Estimating Static Head in Mutiple Discharge Points

As pump capacity is both - the head as well as flow, therefore, in this case maximum height should be our static head to which friction head of each of the branch lines shall be added to get the total discharge head.

Each line is calculated separately. Using Hazens and Williams formula calculate all offshoots as separate calculations, ignoring parallel or tee branches in terms of frictional losses.

My recommendation...use subsurface foam injection. MUCH more effective in the case of a storage tank fire. And guess what happens when a tank fire occurs...everyone runs the other way...employees do not fight fires...automatic systems do.

1. Only one static head - use the highest tank static head as the basis of design

2. Pump capacity shall be the total flow of each branch

3. For the pressure drop, use the longest route as the basis and the flow rate for that route

4. Total head = static head (highest tank) + frictional head loss for one branch (longest route)

5. Assuming symmetrical piping, same line size and same flow rate for each branch

Thanks Sabriahmad, from your comment

4. Total head = static head (highest tank) + frictional head loss for one branch (longest route)

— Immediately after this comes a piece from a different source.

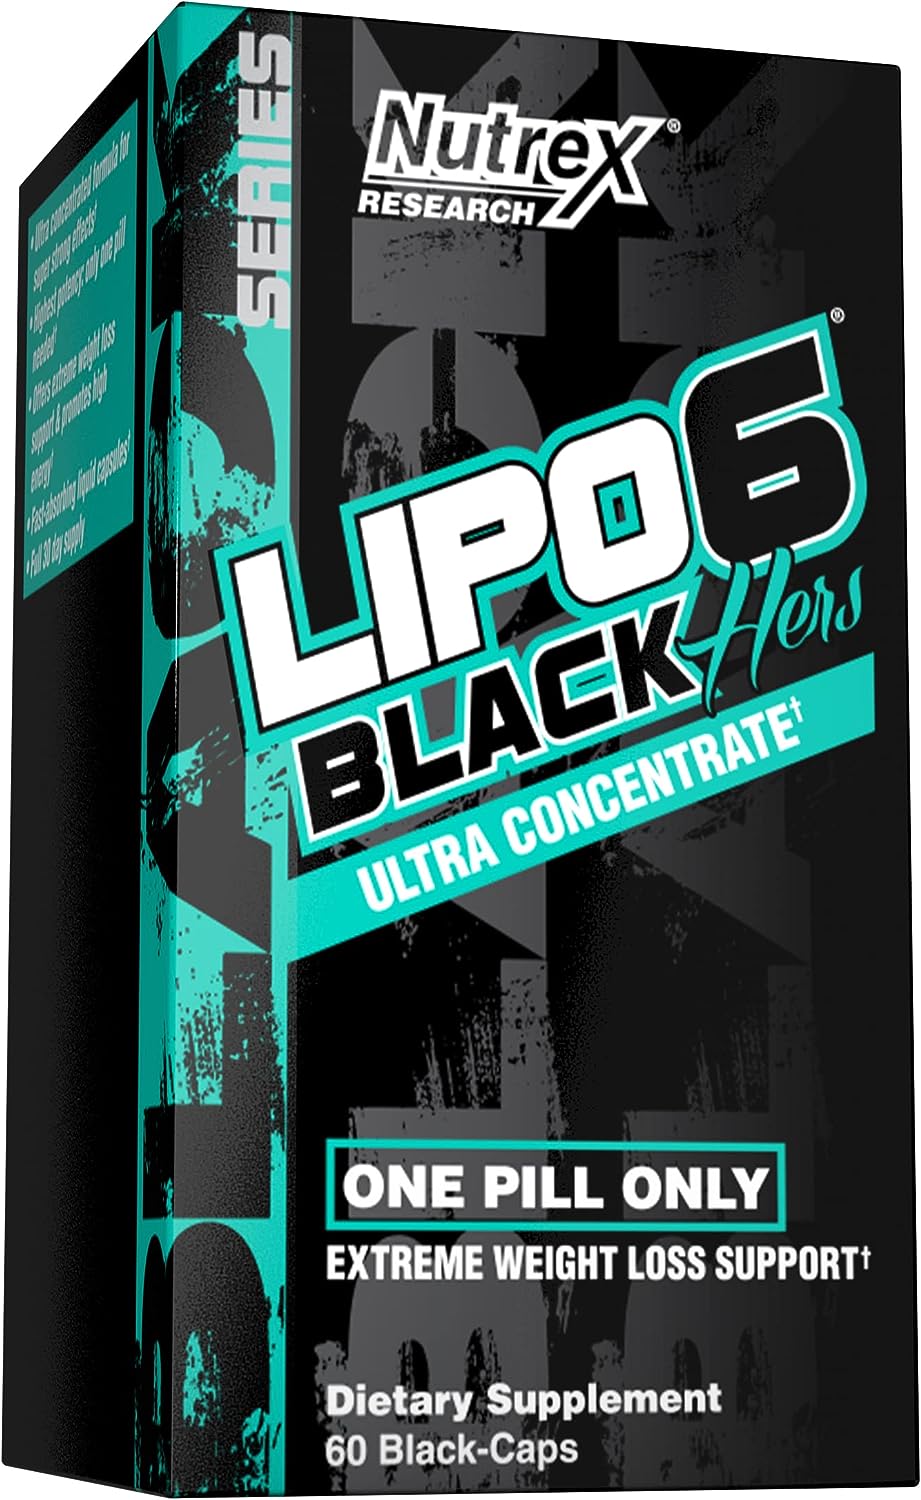 nutrex research lipo 6 black hers ultra concentrate weight loss pills for women fat burner appetite suppressant metaboli 1

Will account for frictional head of the longest route only account for frictional head loses in multiple tanks in a worst case scenario where you need to send water and foam through separate pipes to a burning tank and you need to sprinkle water on 5 or 6 adjacent tanks?

1. The tank on fire will require foam to extinguish the fire.

2. Adjacent tanks require water to cool the tank down

3. Thus, the worst case scenario would depend on the tanks farm layout. You may have two or more adjacent tanks on consideration.

4. Ensure that the total flow is the one required by all tanks, Not just individual tank.

5. Individual tank consideration is only for pump head requirement. Capacity is based on total water requirement (at least tank on fire plus adjacent tanks fire water requirement)